I could have a sandwich for breakfast, lunch and dinner, every day, forever—that's how much I love them. Sandwiches are so versatile, you could make a different sandwich every day of the week for every meal of the day and still not repeat any of them. The different combinations for making delicious sandwiches are truly infinite. All you need is your imagination!




History's Very First Sandwich

Since I am obsessed with sandwiches, I, of course, wanted to understand their true origin. I was surprised to learn that the first recorded sandwich was by a rabbi in the 1st century B.C.! This rabbi would start the Passover custom of taking meat from the Paschal Lamb, chopped nuts, apples, bitter herbs and spices and put them between two pieces of matzo. Voilà! The first sandwich.

As you may know, the "sandwich" was named after a gentleman by the name of John Montagu, the fourth earl of Sandwich. The earl, it seems, was a gambling man, and as the story goes, he ordered one of his valets to bring him some meat tucked between two pieces of bread so he wouldn't have to leave his card game. He could continue playing without getting the cards greasy from eating meat with his bare hands. Others saw what he was doing and ordered up the same thing by saying they would have "the same as Sandwich."


My Very First Sandwich

When I was in the third grade, I ate my first sandwich—bologna—and I loved it. From then on, I wanted sandwiches in my lunch box all the time when I was in grammar school. My sandwich of choice was bologna, of course, in between two slices of soft white bread with mayonnaise on one side and mustard on the other, complete with crunchy whole potato chips on top. I loved the feel and crunch of the salty potato chips with this wonderful sliver of meat that was foreign to me. Foreign because my mother never let me eat bologna and never gave me a sandwich for lunch. Instead, she would always pack me gourmet lunches, which I was embarrassed by because I just wanted to be like the other kids who ate sandwiches, chips and cupcakes.

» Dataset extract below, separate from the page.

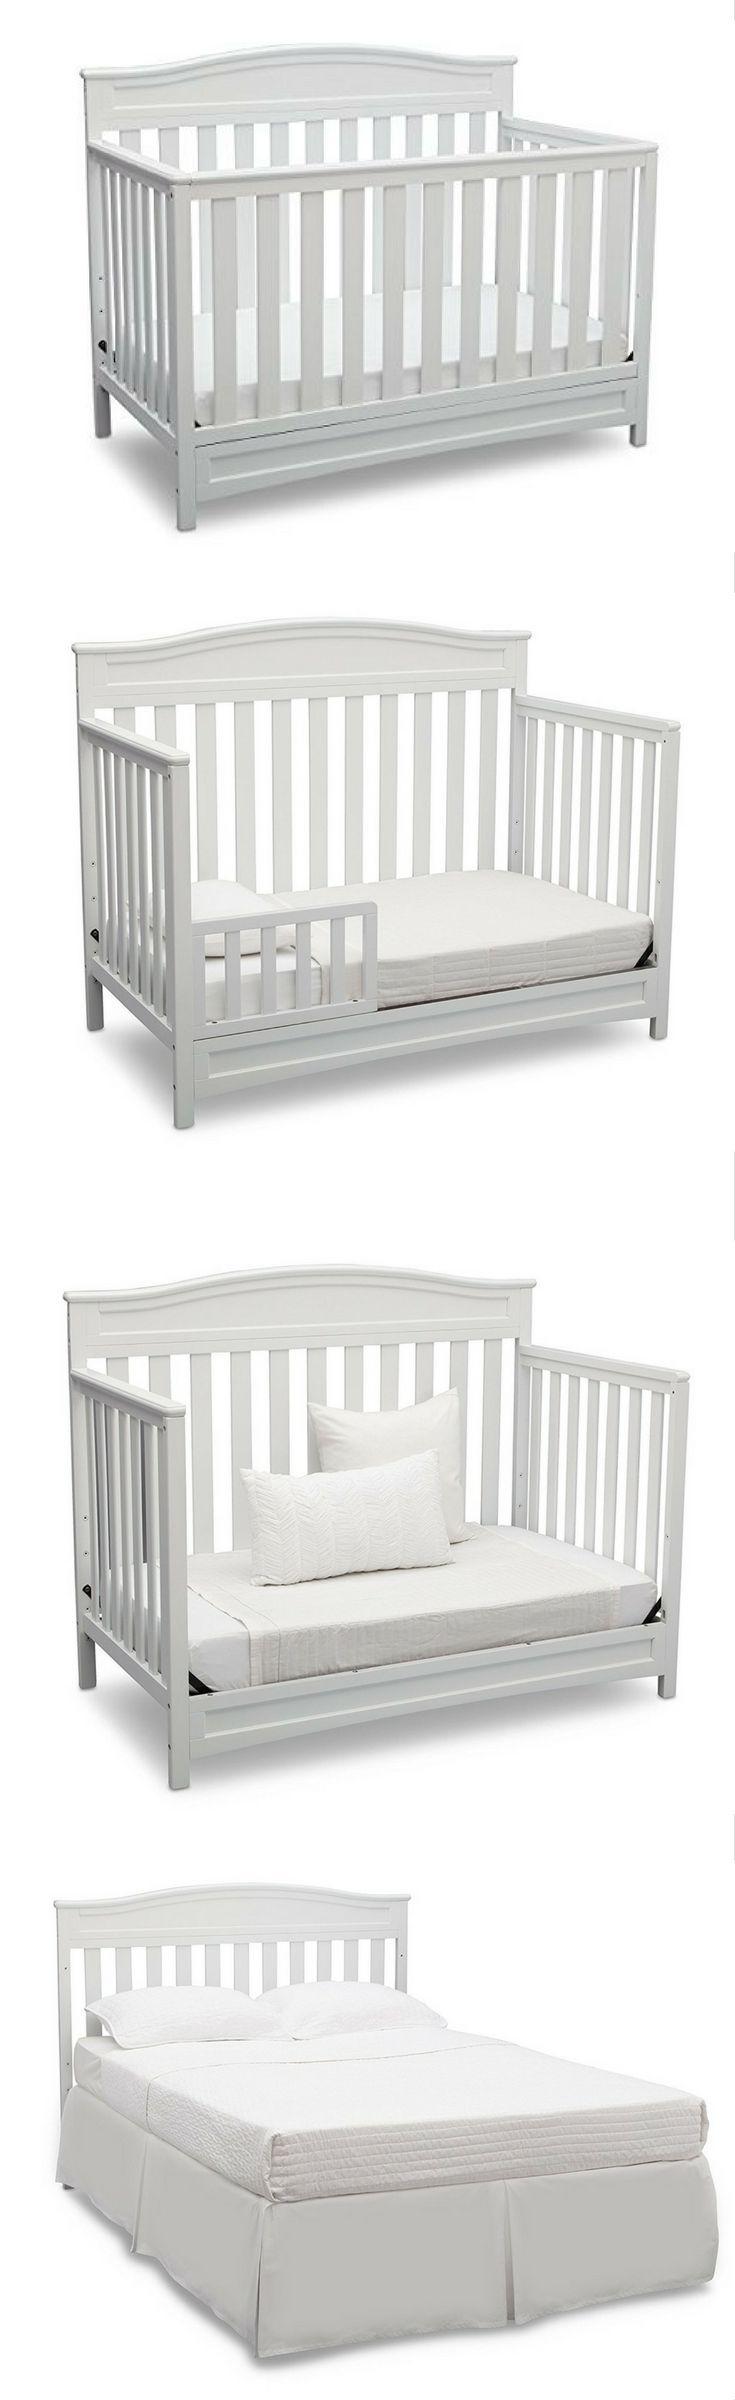 Delta Children Emery 4-in-1 Crib, White  #Affiliate

One day, a boy approached me and asked me to meet him in the coat room with my lunch box. When I got there, he smiled at me and whispered that he would gladly exchange his bologna sandwich for my lunch. I asked him to let me see the sandwich. He pulled out something that was wrapped in waxed paper and there it was—a sandwich on soft white bread (crusts cut off) with one slice of bologna, mustard and mayonnaise. I asked him if he had any chips to go with it and he said they were back on his desk. I told him he had to throw in the chips and I would do it. For the next three years, we traded lunches.